June 15, 2017 § 35 Comments
Denzinger, for those who don’t know, is a compendium of Catholic doctrines which is used to teach seminarians. What is notable about it is that it isn’t a catechism or commentary: it is a collection of actual authoritative magisterial statements on a wide range of moral and theological subjects, originally commissioned by Pope Pius IX. The content of Denzinger is actual epistemically authoritative pronouncements of the teaching Magisterium collected over the millennia, as opposed to some person’s explanation of “what the Church teaches”.
One of the things that struck me when I bought my first copy of Denzinger was how small it is, as a collection of the explicit authoritative communal beliefs of a millennia old institution with a global footprint: as the collected actual resolutions drawn from two thousand years of disputation and controversy.

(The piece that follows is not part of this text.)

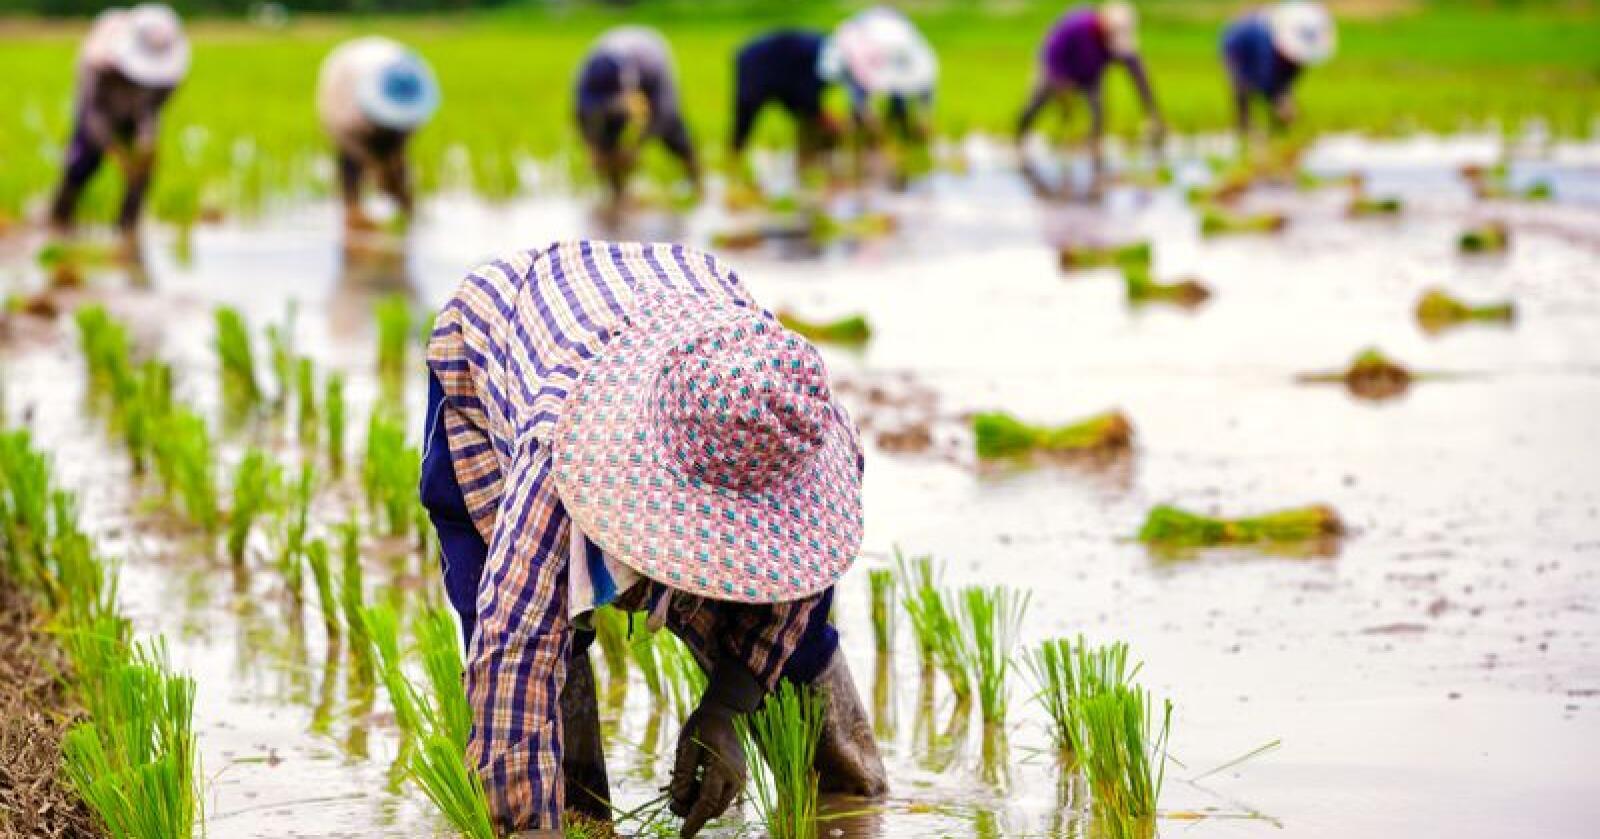 Over 90 prosent av alle gårder i verden, er familiedrevne. FN vil i en ny tiårsplan styrke småskalabønder både lokalt, nasjonalt og internasjonalt. Illustrasjonsfoto: Patrick Foto

No one can hold the dimunitive single volume in his hands, and then witness the glory of medieval cathedrals and universities, without concluding that the production of true propositions on paper is not the primary activity of the Church.
Another unmistakable impression was that when you read someone’s commentary represented as “what the Church teaches,” what is most remarkable is how much of that commentary represents the imported and unexamined metaphysical baggage of the author.
But you don’t have to trust my impressions. You can form your own by carrying a copy of Denzinger into St. Mary Major in Rome or one of a thousand other churches and cathedrals.